INPUT DATA:
-- Opening Marker --

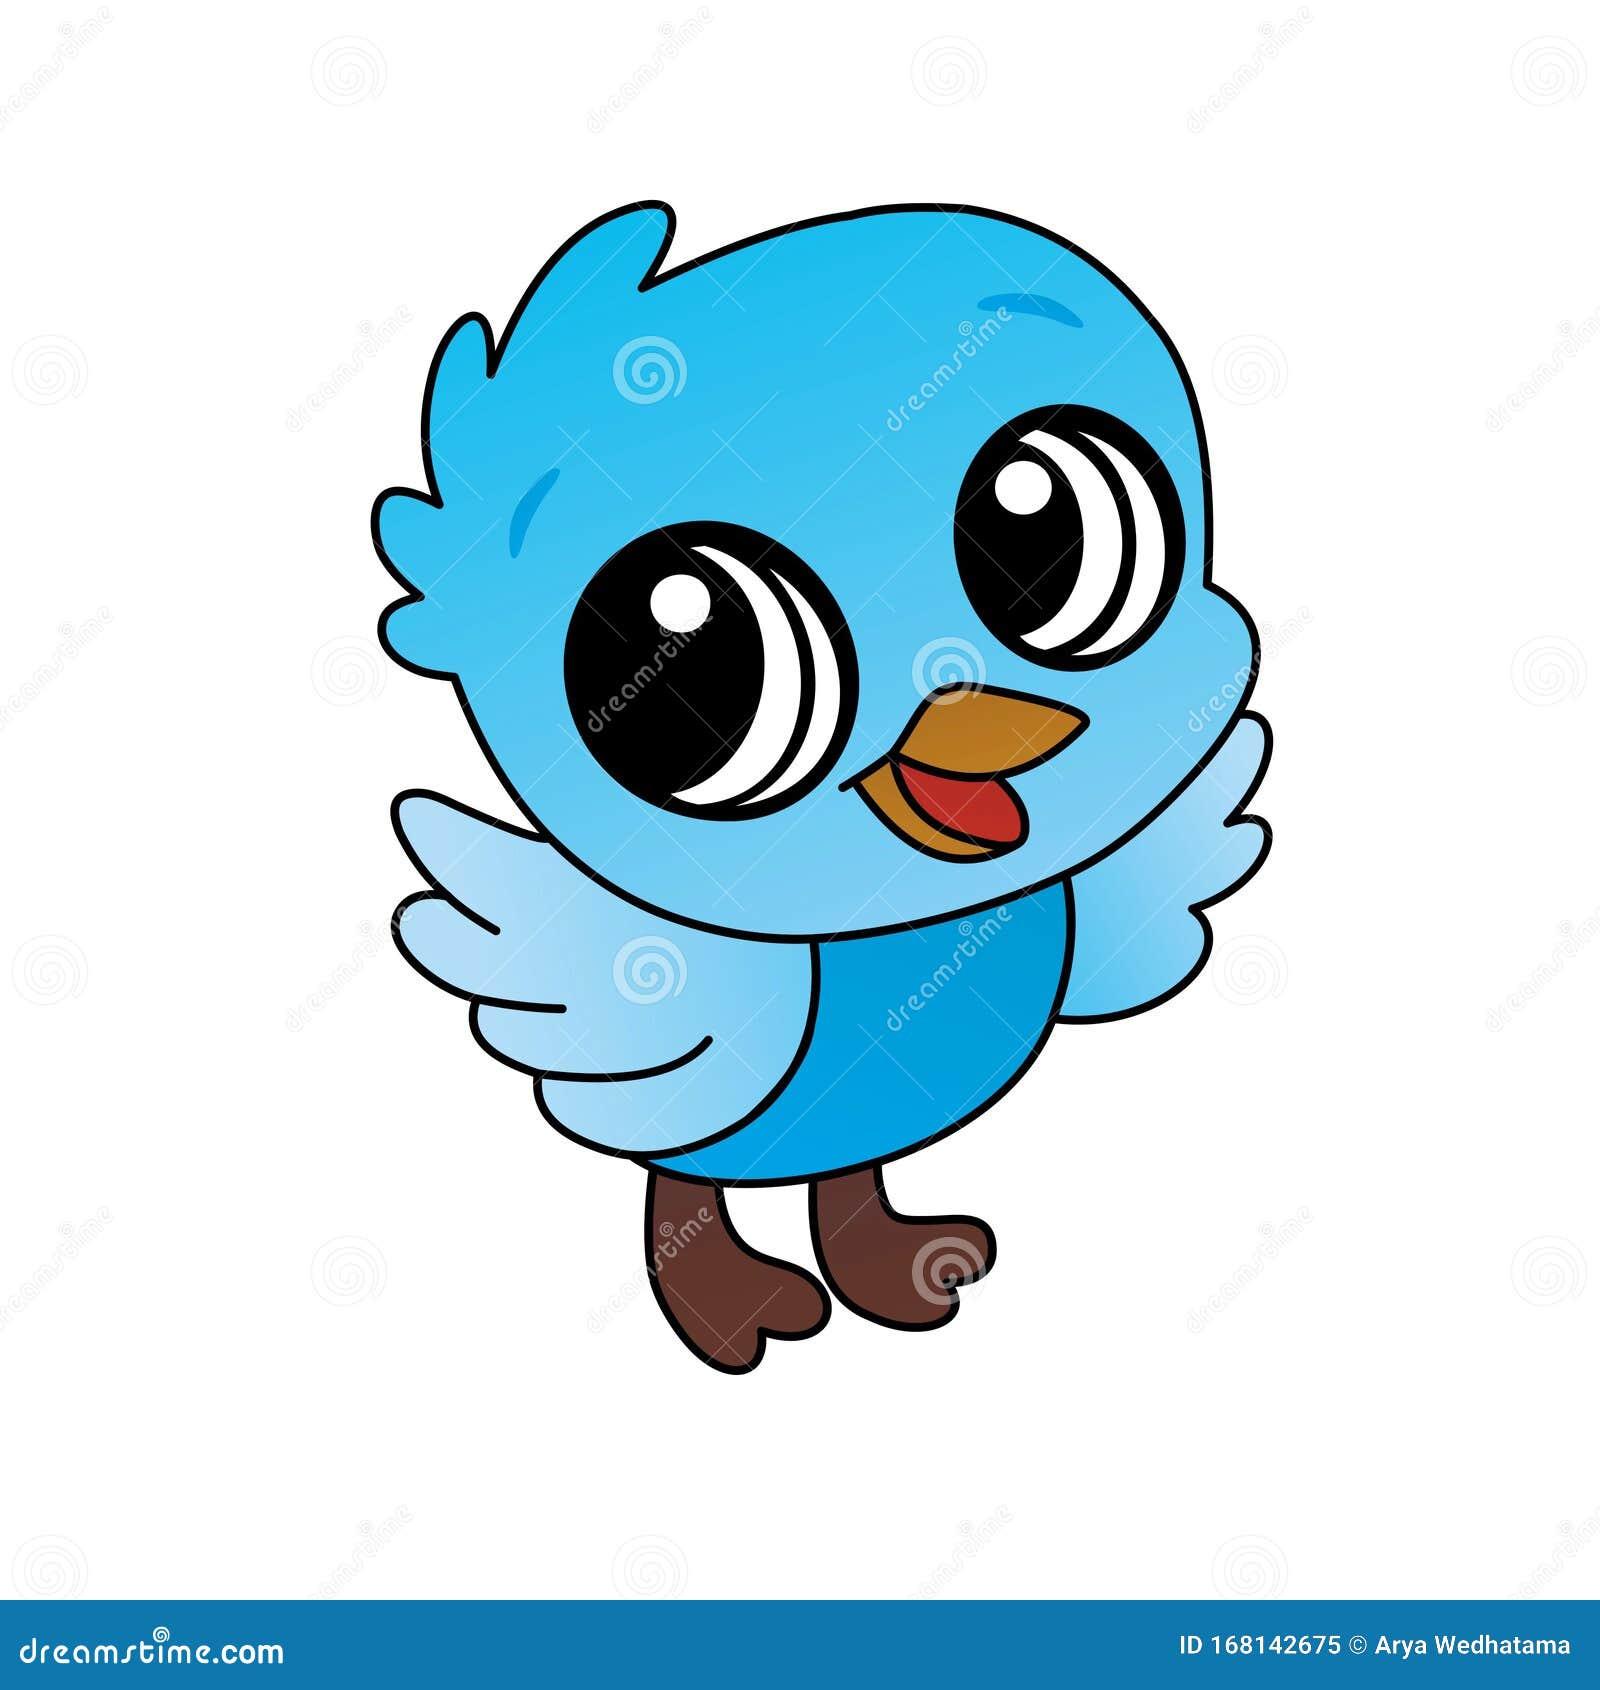 Illustration Of Blue Baby Bird Cartoon Cute Funny Character Flat Design Stock Image Illustration Of Cartoon Collection 168142675
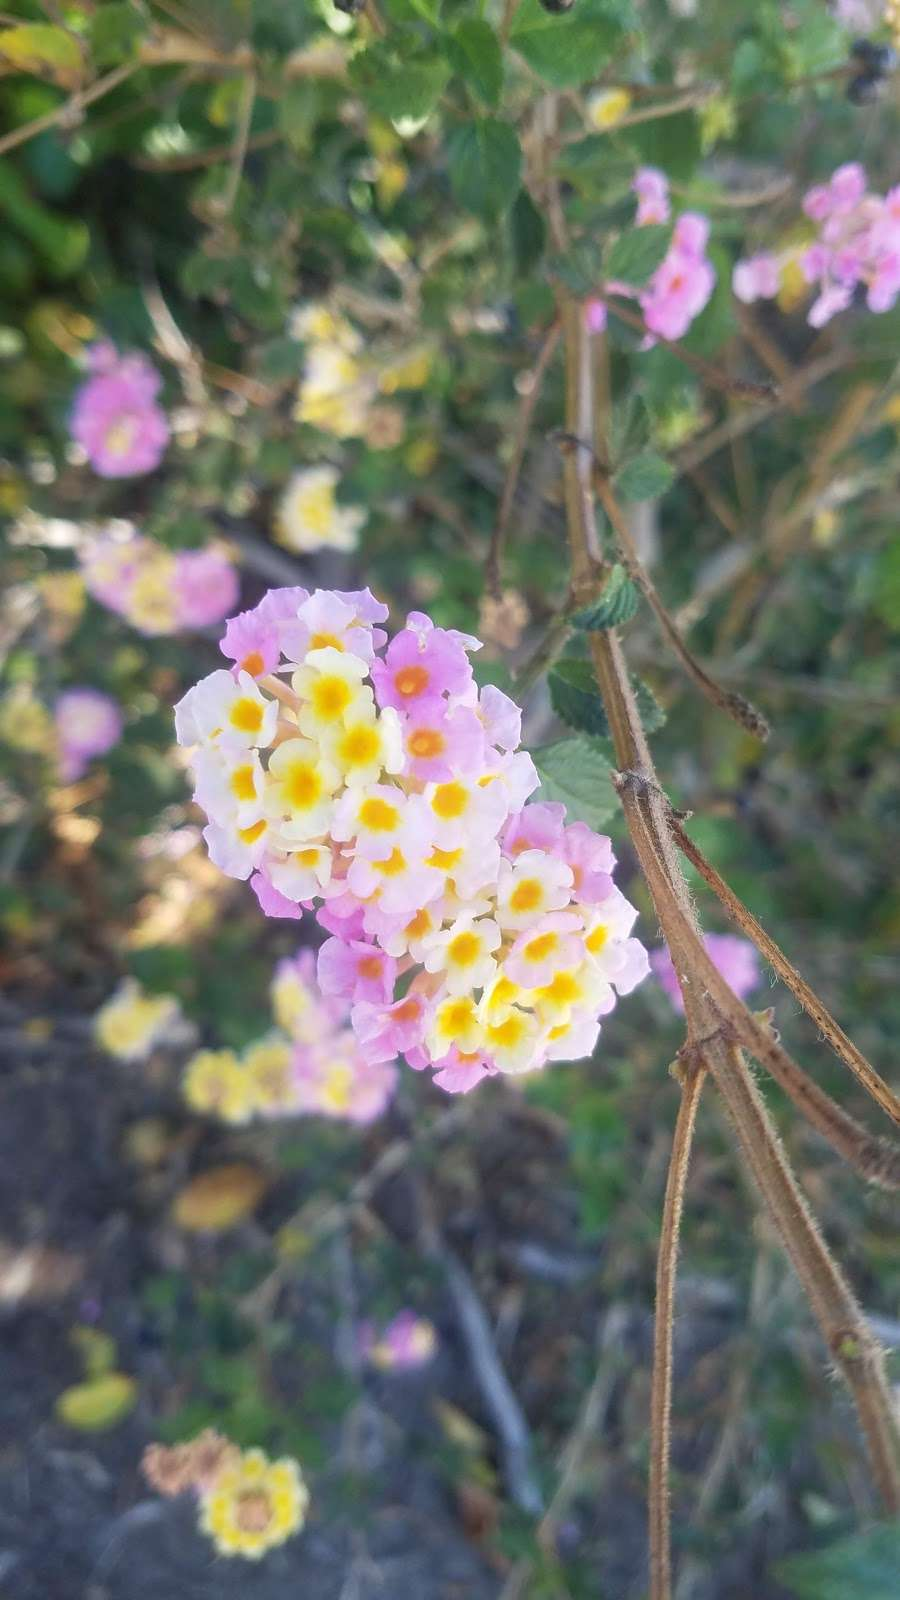 Paloma del Sol Rec 3 - park  | Photo 4 of 5 | Address: 31760 Calle Vimianzo, Temecula, CA 92592, USA
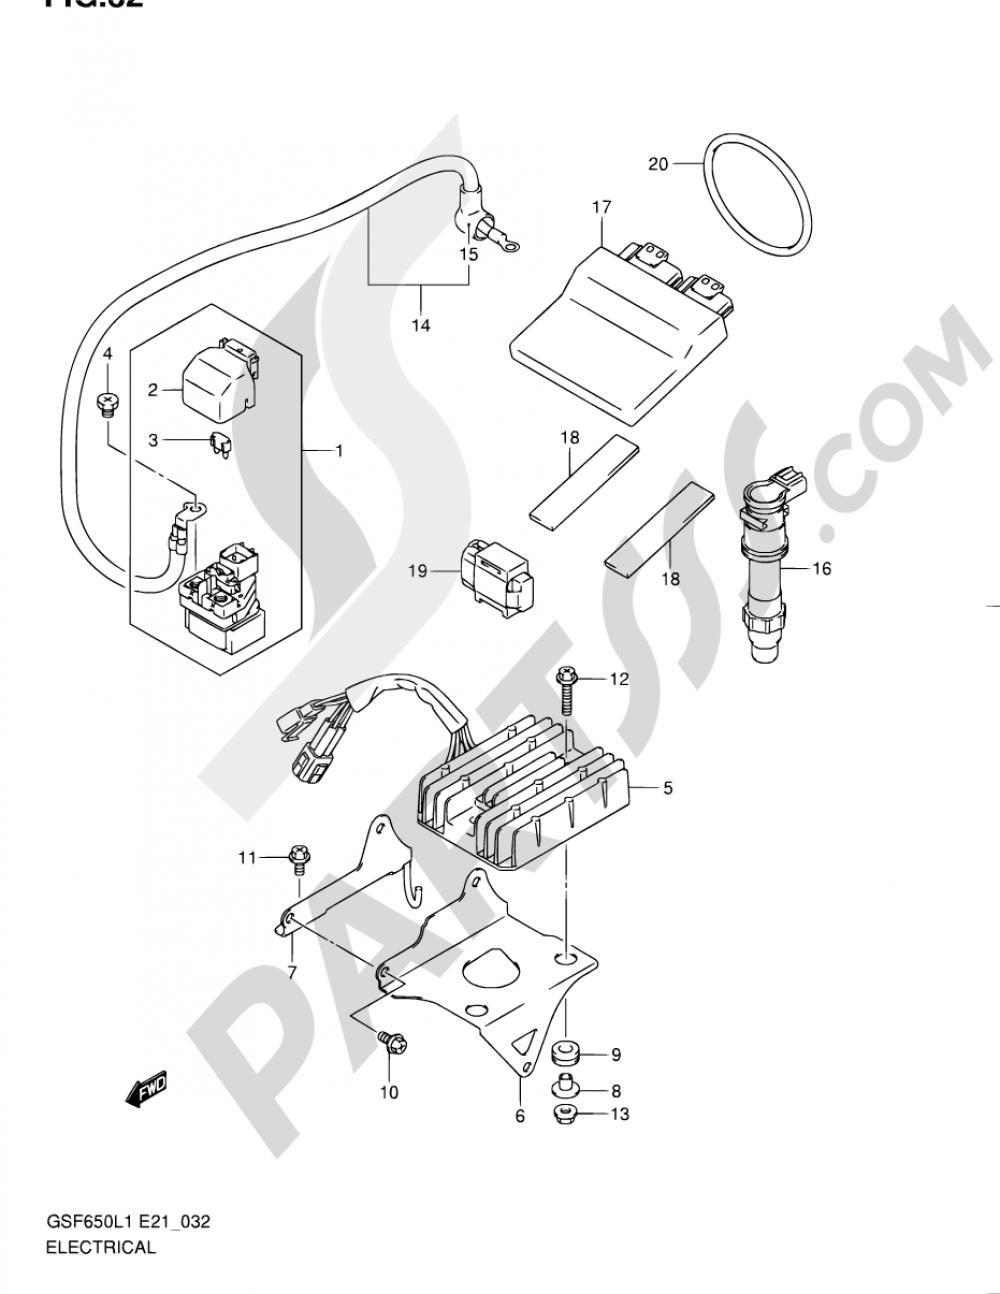 32 - ELECTRICAL (GSF650SAL1 E21) Suzuki BANDIT GSF650 2011

-- Closing Marker --

EXERCISE DIRECTIONS: Print all of the data exactly, and do not carry over any pictures.

EXERCISE SOLUTION:
 Illustration Of Blue Baby Bird Cartoon Cute Funny Character Flat Design Stock Image Illustration Of Cartoon Collection 168142675
 Paloma del Sol Rec 3 - park  | Photo 4 of 5 | Address: 31760 Calle Vimianzo, Temecula, CA 92592, USA
 32 - ELECTRICAL (GSF650SAL1 E21) Suzuki BANDIT GSF650 2011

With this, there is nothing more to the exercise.